A few days before the move, she walked into the living room with a suitcase for Don. She was becoming less able to express herself verbally, so she just put it in front of Don and smiled. Don expressed his appreciation.
That night he unpacked the suitcase. It was empty.
He could’ve been sad, but he wasn’t. He realized that the suitcases were what got him and his wife through the past few months. It gave her a sense of purpose. It gave him an opportunity to appreciate her.
And the empty suitcase made him feel…loved. Heidi was struggling. Don wondered if she remembered her own name. She wasn’t able to recognize her children. She sometimes needed prompting to use the restroom, and she would never eat if he didn’t put food in front of her.
But somehow, despite her failing brain, she was able to bring him a suitcase.
6 thoughts on “Dementia, Love, and Suitcases”

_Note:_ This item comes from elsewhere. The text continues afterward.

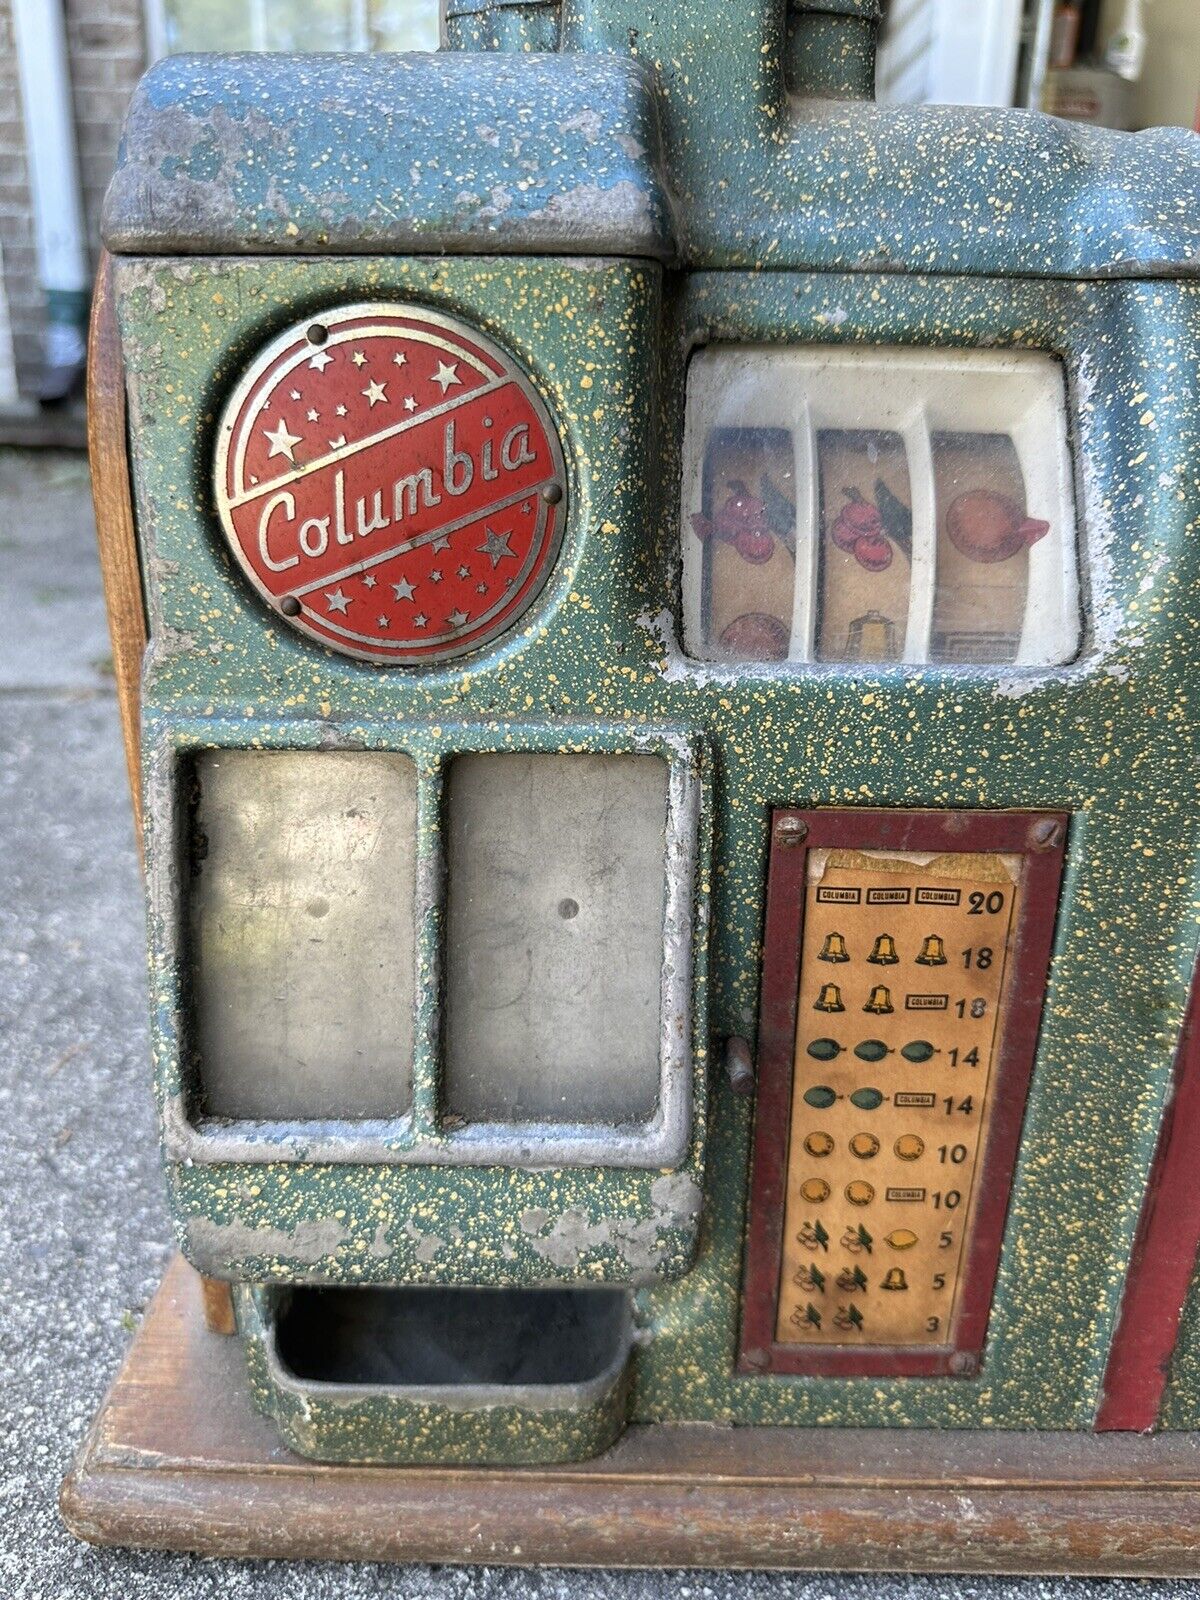 Antique 1930s Columbia 10 Cent (Dime) Slot Machine Countertop 10 cent

Love this story–so much love and connection amidst so much sorrow and loss. Thank you for sharing.
Great post, Elaine.
I love this one so much. 💕
Retaining some bit of normalcy is really important, no matter how it’s acquired. I’m glad Don was able to accept and accommodate Heidi’s need to continue to do for him what she had always done. Blessings to them…
ABSOLUTELY LOVE THIS!!!! Be on their journety all the time. I could walk out the doir with the suitcase and a kiss … walk right back in and say I’m home ! 💕💕Linda MarascoSSM, OntarioSent from my cell
Such a poignant account of the progression of dementia! My heart aches for all those who are going through this right now. Thank you for your blog, Elaine. It touches more people than you know.